■ Problem to work on:
Leave the pictures out and print, word for word, the lines below from the one with "An infographic for" through the final line.

■ Information supplied:
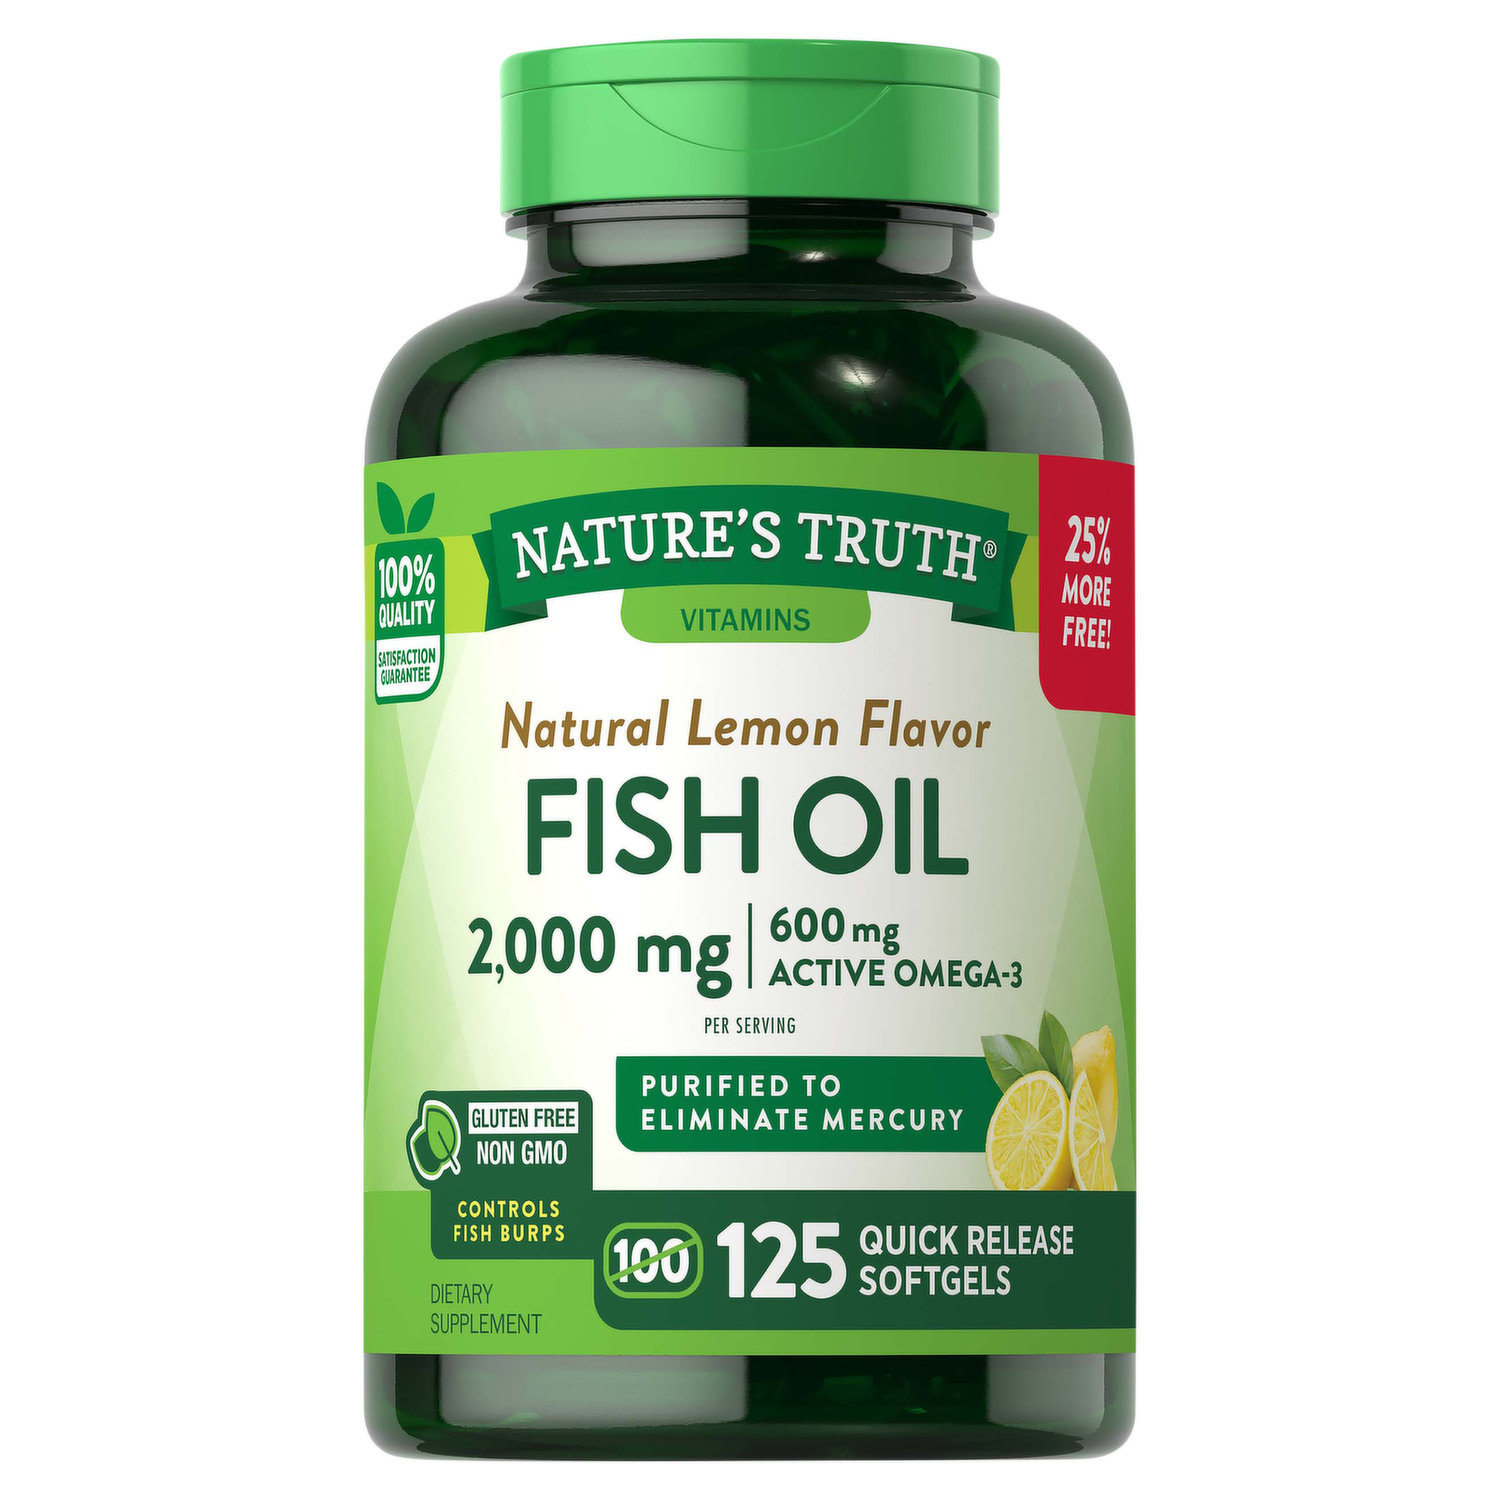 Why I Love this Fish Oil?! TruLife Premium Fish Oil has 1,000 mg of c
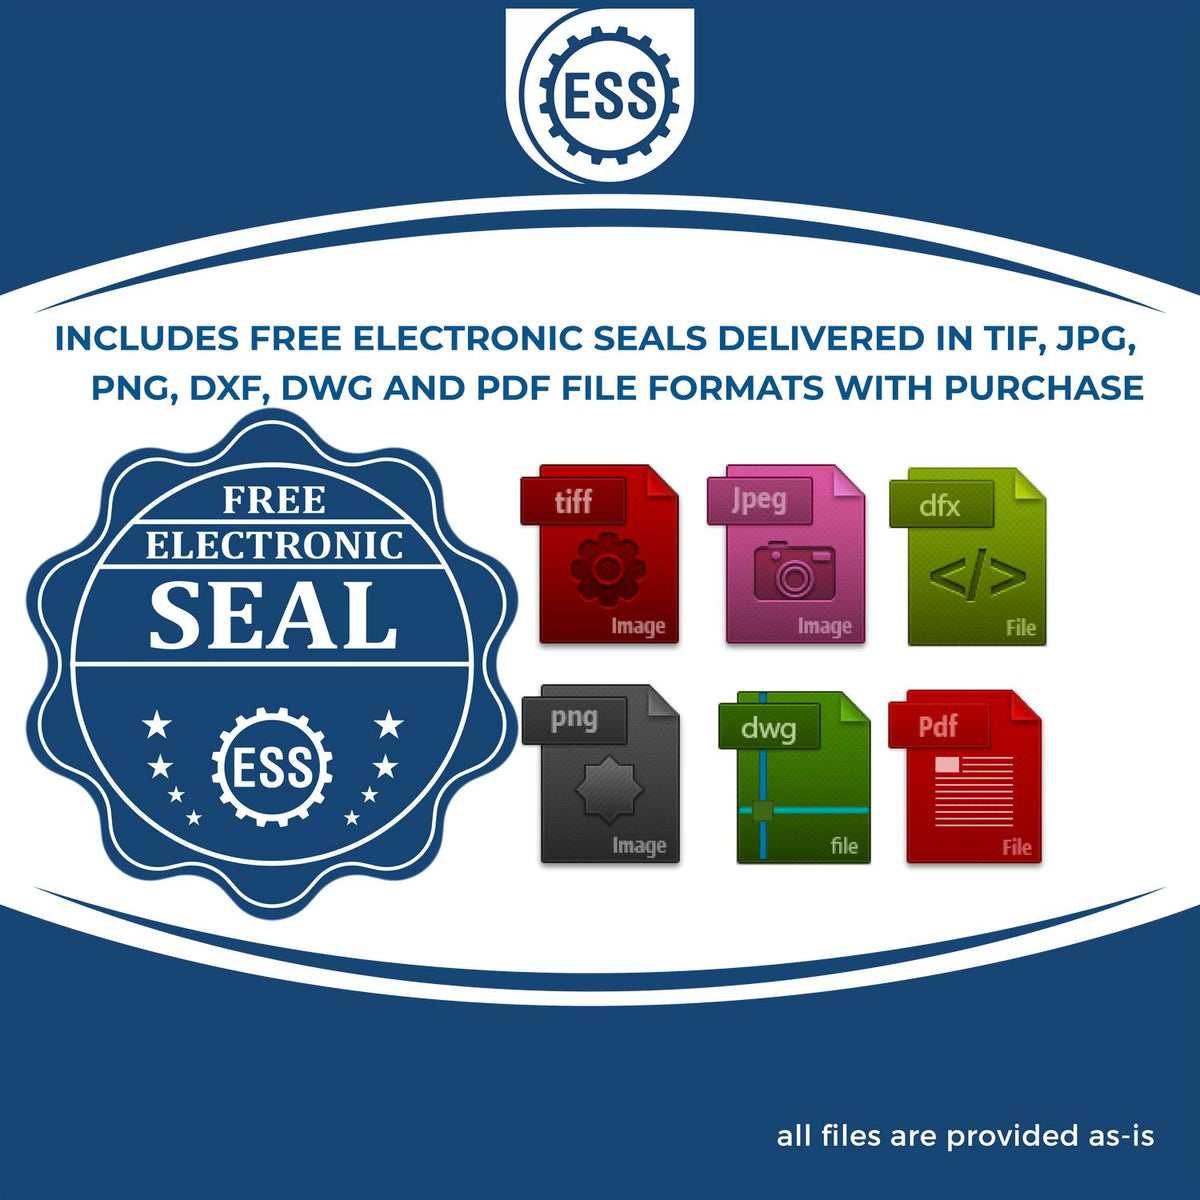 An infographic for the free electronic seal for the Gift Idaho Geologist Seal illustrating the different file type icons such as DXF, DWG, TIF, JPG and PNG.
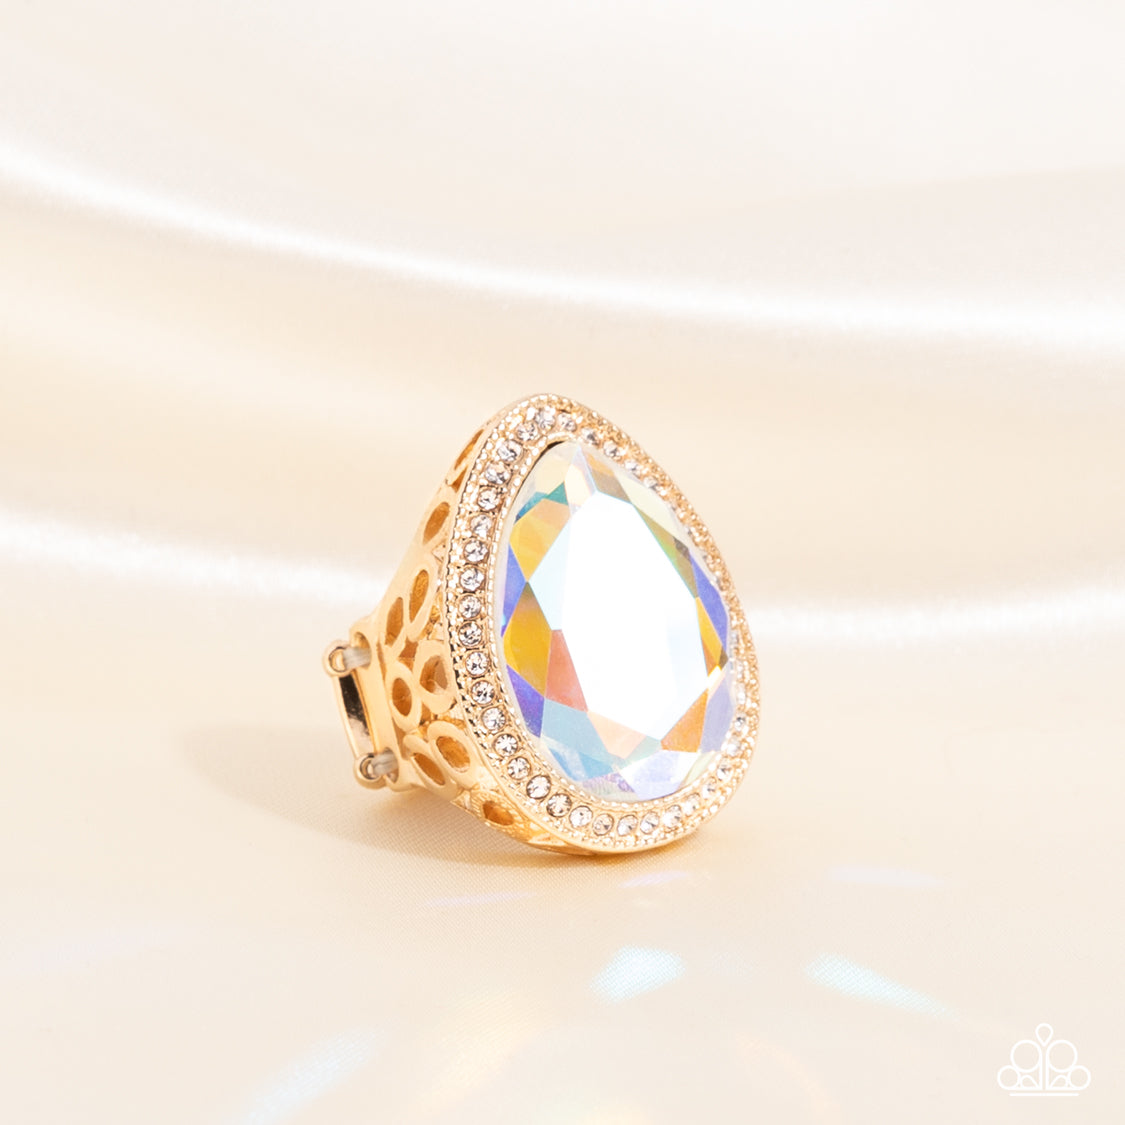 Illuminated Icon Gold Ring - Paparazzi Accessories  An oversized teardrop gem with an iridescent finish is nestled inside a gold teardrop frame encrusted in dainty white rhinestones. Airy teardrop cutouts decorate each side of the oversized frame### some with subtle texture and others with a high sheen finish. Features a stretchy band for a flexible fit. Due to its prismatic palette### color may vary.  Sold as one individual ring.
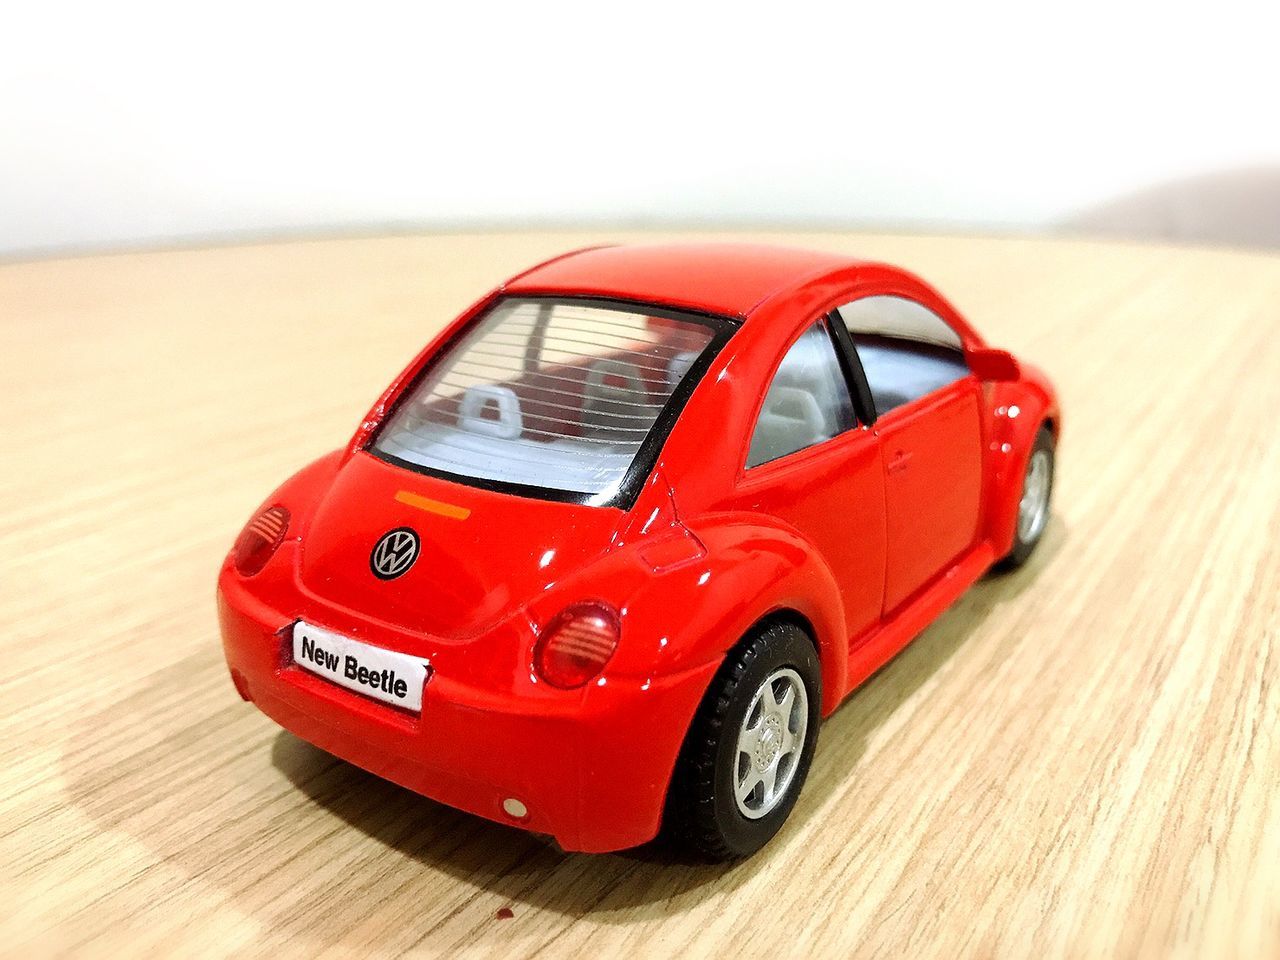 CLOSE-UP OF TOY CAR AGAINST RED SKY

■ Answer box:
 An infographic for the free electronic seal for the Gift Idaho Geologist Seal illustrating the different file type icons such as DXF, DWG, TIF, JPG and PNG.
 Illuminated Icon Gold Ring - Paparazzi Accessories  An oversized teardrop gem with an iridescent finish is nestled inside a gold teardrop frame encrusted in dainty white rhinestones. Airy teardrop cutouts decorate each side of the oversized frame### some with subtle texture and others with a high sheen finish. Features a stretchy band for a flexible fit. Due to its prismatic palette### color may vary.  Sold as one individual ring.
 CLOSE-UP OF TOY CAR AGAINST RED SKY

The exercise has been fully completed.